I had this innovative idea for working with datasets - show pagination like this:
Page 1. Next 20>> Next 40>> Next 80>>
I.e. you can request larger pages right from pagination block if you think you need them.
(And on that page you will be able to downsize page or make it even larger)
But I have to admit, load-on-scrolling does make it more or less obsolete.
Given most of the infinite scroll implementations - better use traditional pagination.
As lolptdr wrote - if infinite scroll implemented in a way that changes URL of the page with PushState and loads data correctly after refresh then it's just fine.
Nevertheless, any time I can I implement traditional pagination. It is easier to use and shows clearly where user is located, can allow user to jump straight to the last page.
Infinite scroll is usually terrible with browser navigation. If you can assume that the user stays within your page and doesn't need to navigate back and forth, it may be a reasonable option.
But for something like Tumblr or Pinterest, it's awful. When the user sees an interesting post, she clicks on it to open the page. Then she navigates back to the main page. But wait -- the infinite scroll's contents have been lost on reload. Now the page shows the top of the scroll, rather than the position where the user actually was when she clicked a link. It may be a long, long way to scroll back to where she was, with numerous loading progress indicators along the way...
And what about the scrollbar going haywire as you scroll down, or the inability to go back to that fancy thing you found a minute ago, or the browser performance hit, or just anything else related to it.
Depends. If you intend to show results that could be referenced by a hard link that the user may share (such as search results or blog entries), then pagination is better. Transactions (like bank statements) or lists of lots of similar looking data are better suited for infinite scroll.
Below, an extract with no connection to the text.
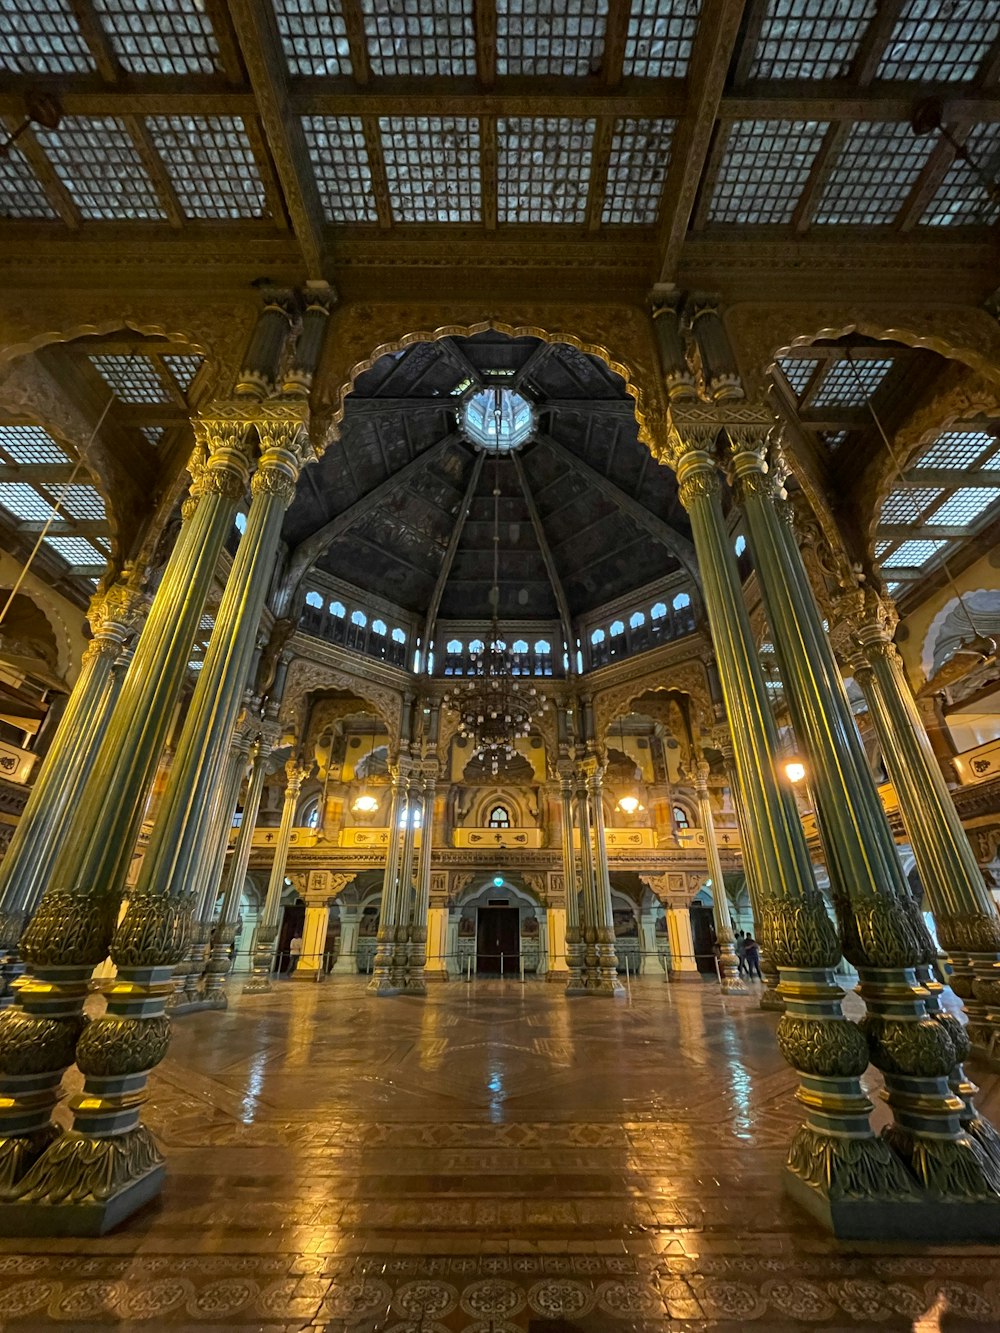 a large ornate building with a large ceiling and many columns

If you aiming for performance, it depends on how much data you need to request and if you can shunt or lazy load the data.
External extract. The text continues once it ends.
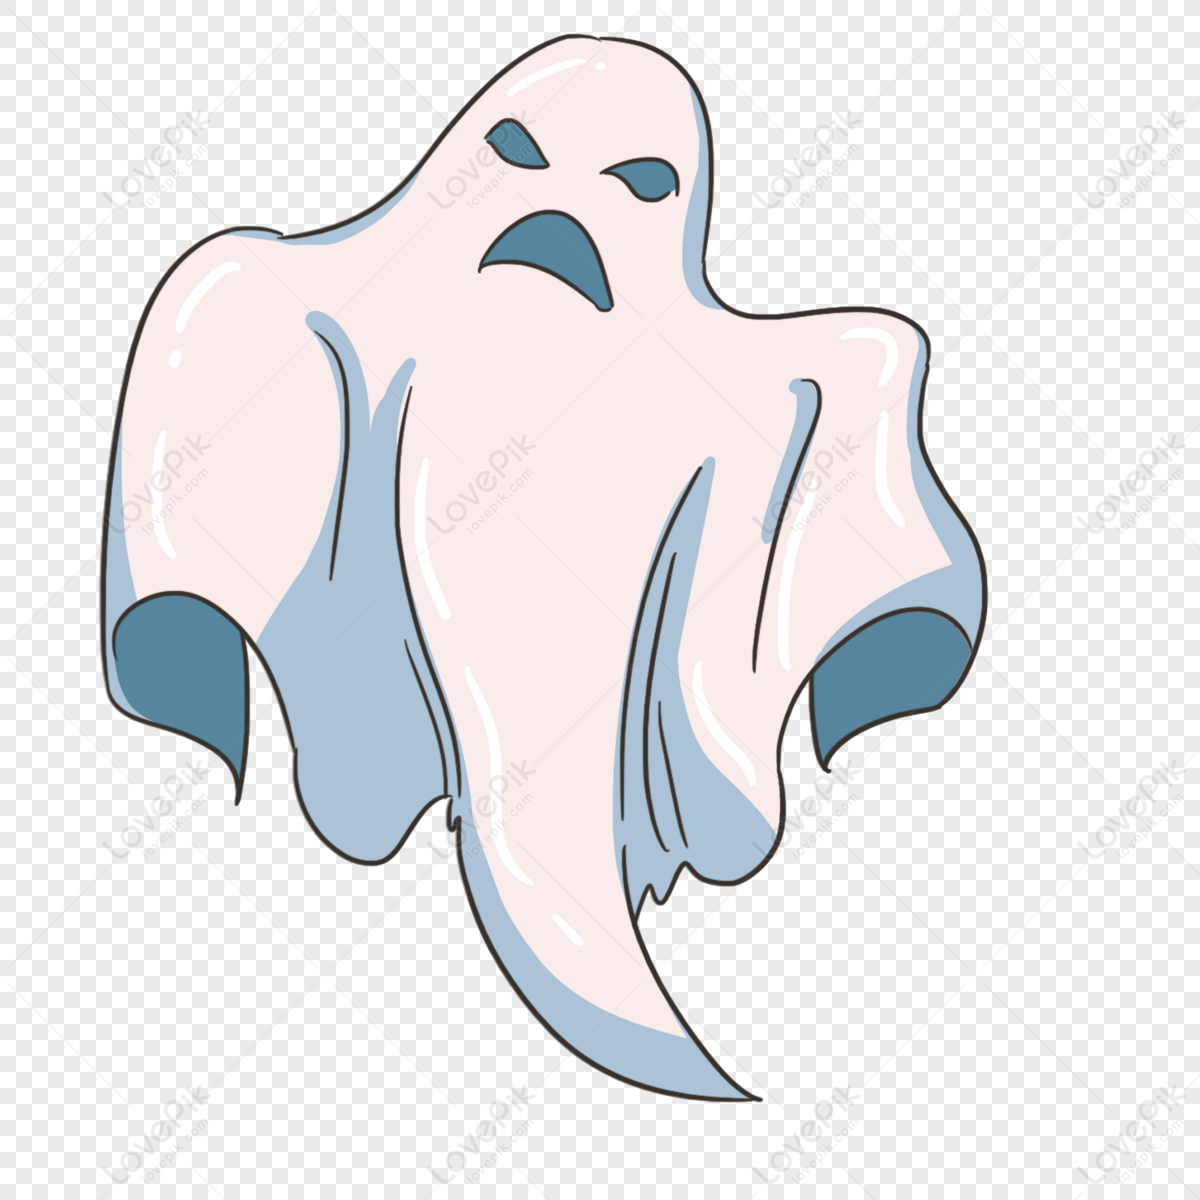 Halloween Ghost PNG Transparent Background And Clipart Image For Free  Download - Lovepik | 400708770

Recently implemented pagination for the skeleton of a large meteor/angular application that will target both mobile and web. I'll likely split it and have infinite scrolling on the mobile interface and keep the current pagination on the web version. Fortunately Meteor makes this rather easy.
As someone who's often struggled to find a piece of content because the only link to it was about ten pages down a list that you can only add more items to via infinite scroll... I'd say pagination is usually the better options. At least with pagination, you can think 'okay, then it's page 10 that has the article I want'. You can then just click on page number 10.
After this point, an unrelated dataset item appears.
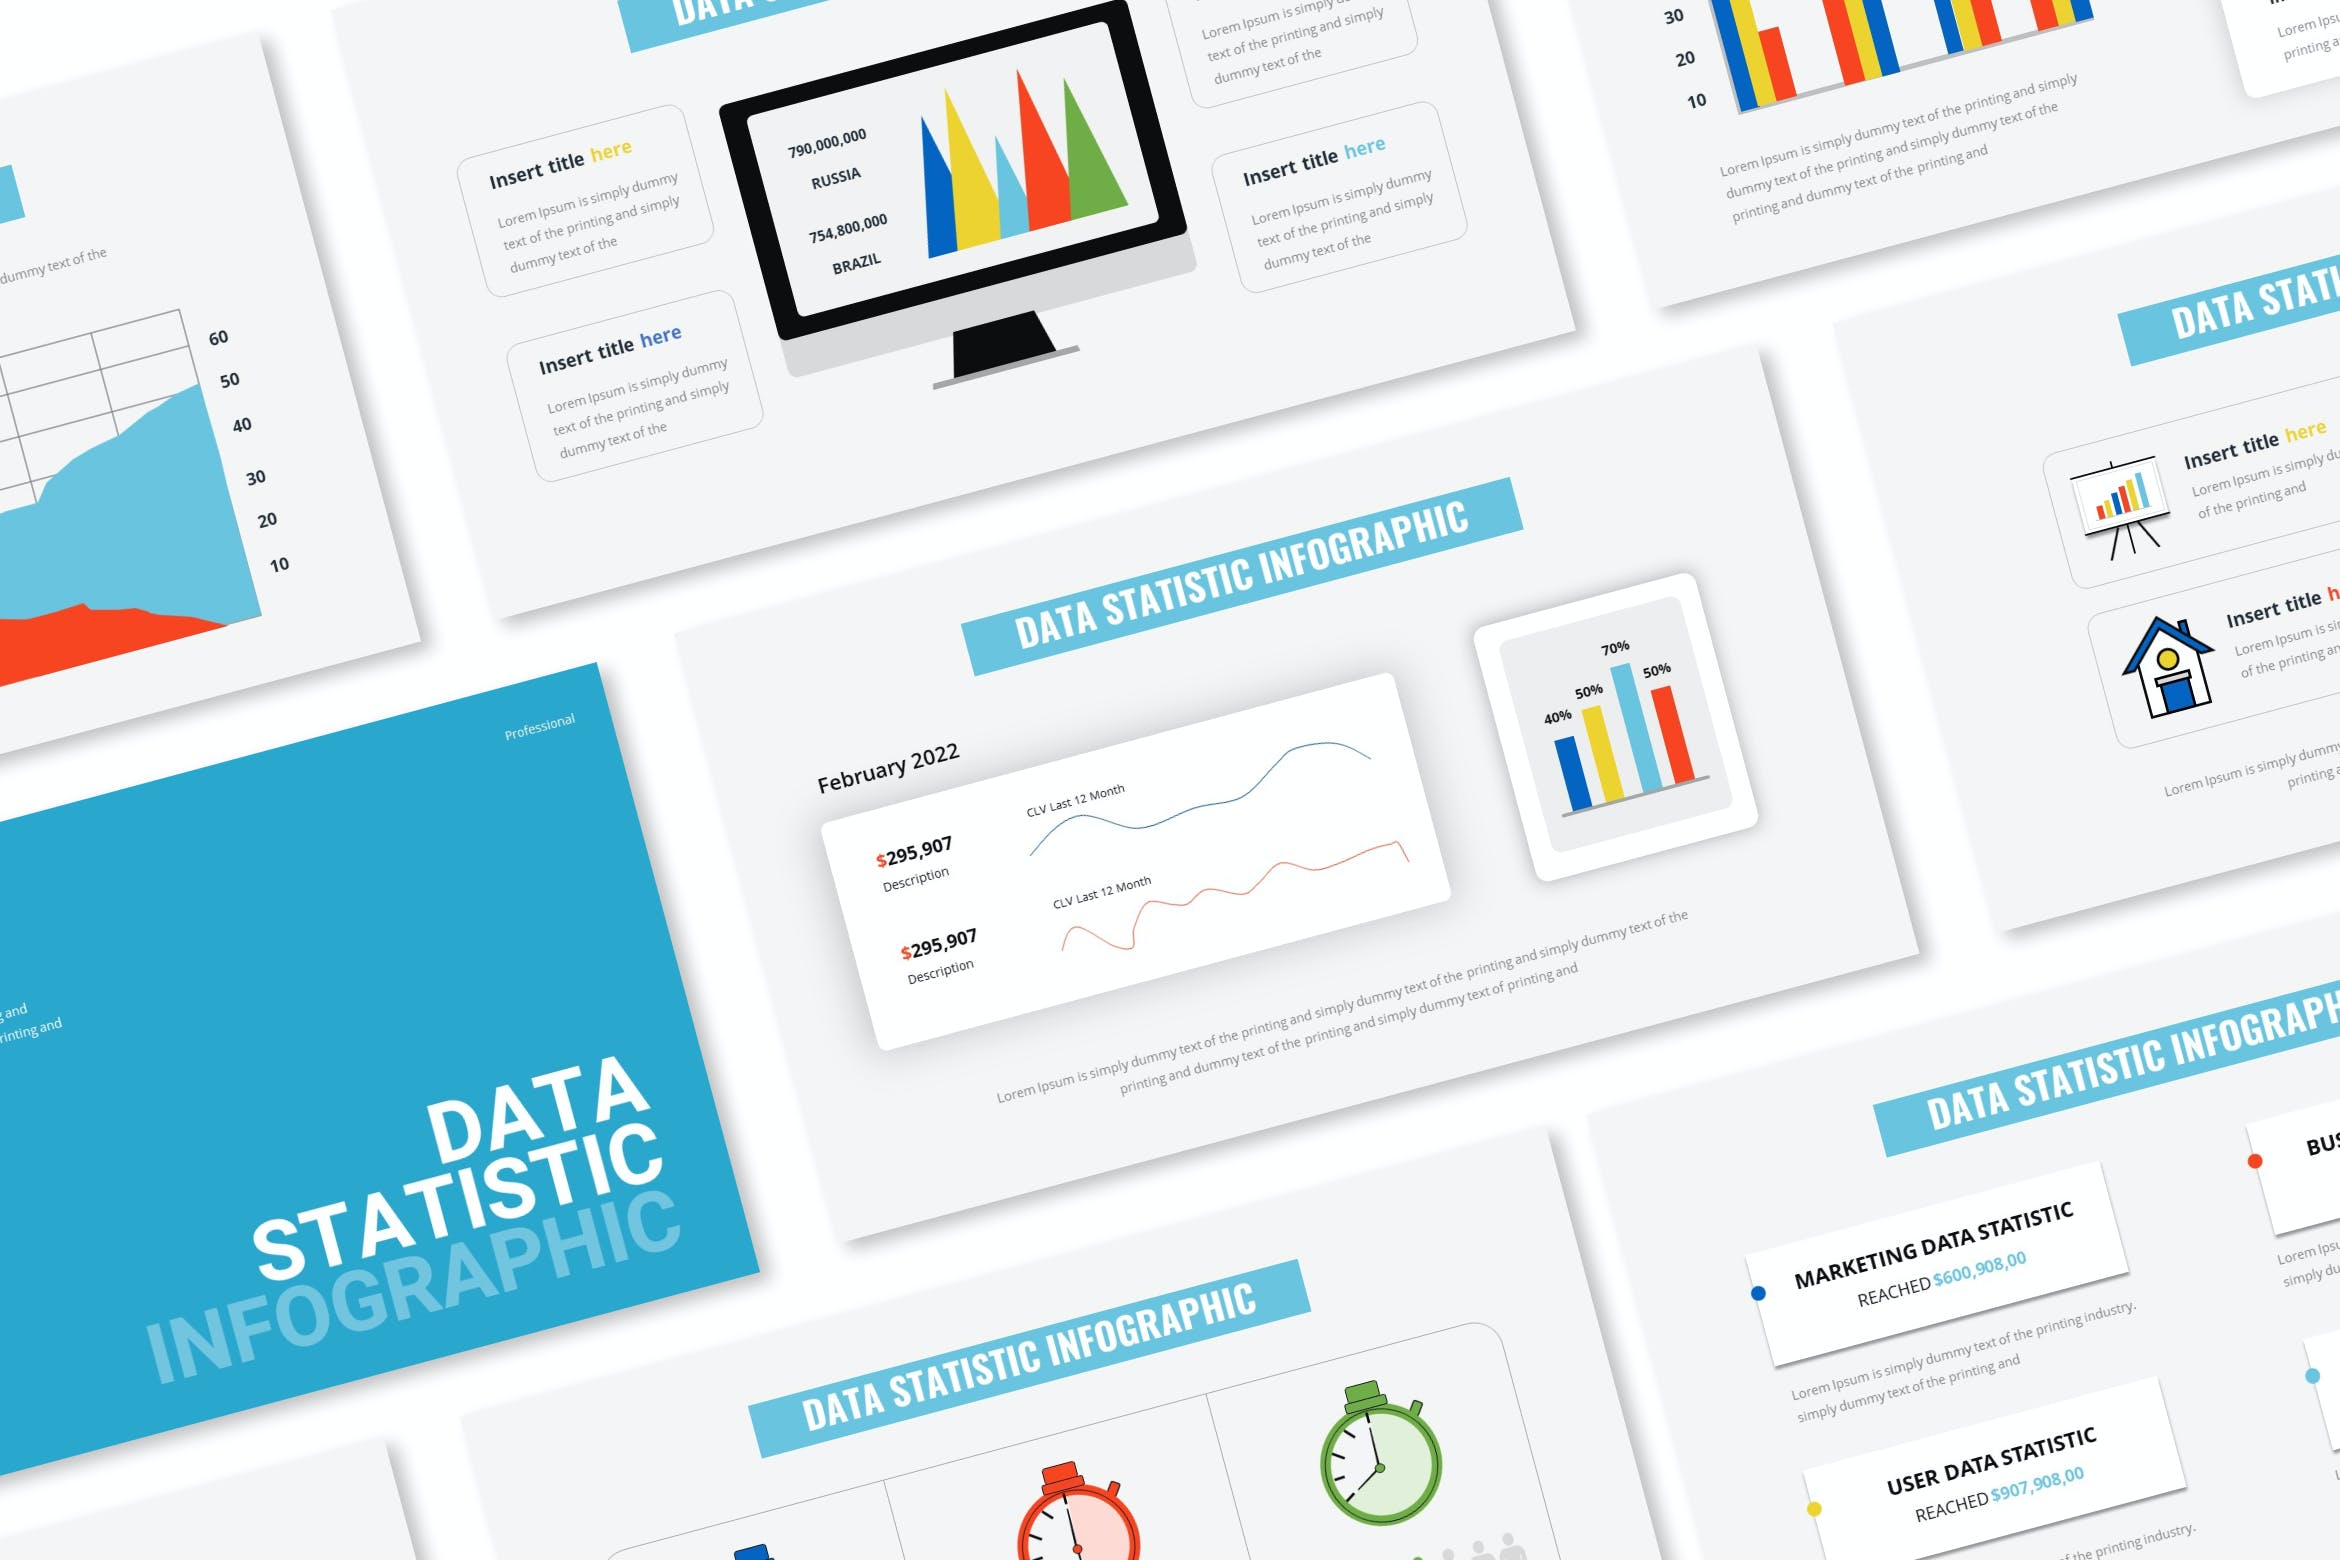 Cover image of Data Statistic Infographic Google Slides Template.

If it's infinite scroll, you either have to manually mess around with the URL (best case scenario) or just scroll through everything again (common worst case scenario).
This is also while you should probably (at least in my opinion) have some form of page number, as well as a clear and somewhat quick to modify URL scheme (like page/10 instead of date=01/01/1990&before_date=01/02/1992&cat=test&session=123456789 etc).
Pagination on screen sucks, but is sometimes better than badly implemented scrolling. This being said, scrolling should be the default option, because it's much more natural and usable on screen. One should only fallback for pagination for very big content masses (long historical archive etc) and still keep the page size big enough (scrolling inside page is not bad thing).
Good scroll implementation uses lazy-loading content (if needed) and placeholder elements to keep page height always correct (assuming the height is reasonable), so that scrollbar works as intented as visual indicator about position. So called "infinite scrolling" where you have to first scroll to end, then wait for spinner for more content, is typically bad ux.
Wait! Give them better names. "Older" and "Newer" can be helpful on blogs and such, when it's not clear whether "next" means "more recent" or "deeper into the archive."